Smith School MBA program ranking plummets in recent rankings
Published: Tuesday, November 30, 2010
Updated: Tuesday, November 30, 2010 22:11
The Robert H. Smith School of Business' full-time MBA program dropped 16 spots in Bloomberg Businessweek's ranking, released last month. The Smith School is ranked No. 42, down from the No. 26 ranking it held two years ago.
The results were based on a review done in March, in which Smith School graduates, corporate recruiters and faculty were surveyed.
Smith School Dean G. Anandalingam expressed concern about the lower ranking.
"We're not happy," Anandalingam said. "The reputation of the full-time MBA program is very important to the Smith School of Business and we are concerned with the drop in the ranking."
The University of Chicago Booth School of Business' full-time MBA program sat atop the list, while Harvard University, University of Pennsylvania's Wharton School of Business, Northwestern University's Kellogg School of Management and Stanford University rounded out the top five.
Anandalingam said the lower ranking was unusual compared to previous rankings.
"To put things in perspective, our undergraduate program is ranked No. 19 by U.S. News, our part-time MBA program is ranked No. 15 by U.S. News, our executive MBA program is ranked No. 15 by Financial Times and No. 22 in the world by Wall Street Journal," Anandalingam said. "We see the most recent Businessweek ranking of the full-time MBA program as an aberration."
The ranking puzzled some Smith students.
"We don't deserve this," said Ragavan Manogaran.
Students gave many possible explanations for the drop.
"Apparently, the Office of Career Services has had a lot of turnover in the director position," Arun Bhattacharay said. "They just hired a new director, so hopefully there's some stability in that position."
"Also, the reviews for the rankings were conducted in March, so when students filled out surveys for the reviews, it was a bad time for employment, and a lot of them didn't have jobs. Now a lot of those students have work, and so it seemed like it happened at a bad time," said Bhattacharay.

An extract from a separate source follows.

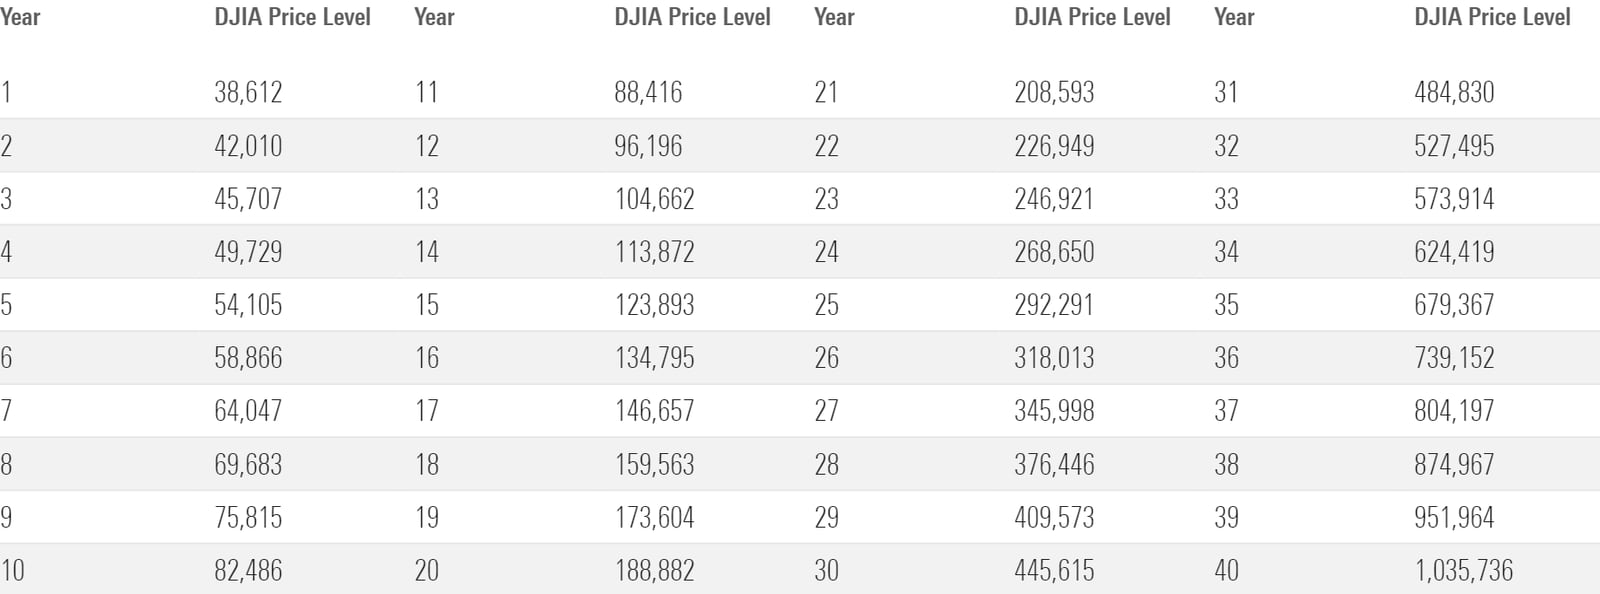 DJIA averages

Bhattacharay also said the poor rank may have something to do with the way the Smith school is marketed.
"The University of Maryland undergraduate has a very strong brand, and the Smith brand hasn't translated, so I think they should try to play up the Maryland connection," said Bhattacharay.
"They call it the Chicago Booth, but they don't call us the Maryland School," said Manogaran.
Anandalingam added Smith School leaders are working to improve the reputation of the full-time MBA program.
"We are expanding and improving the Office of Career Services," Anandalingam said. "We have brought in an excellent managing director after a national search. We are also hiring more industry experts to help our students get into excellent well-paying positions around the country. We are also going on a branding campaign to shore up the reputation of the full-time MBA program. With all the improvements being made in the program, we are very confident that the full-time MBA program will be back among the top 20 in the United States."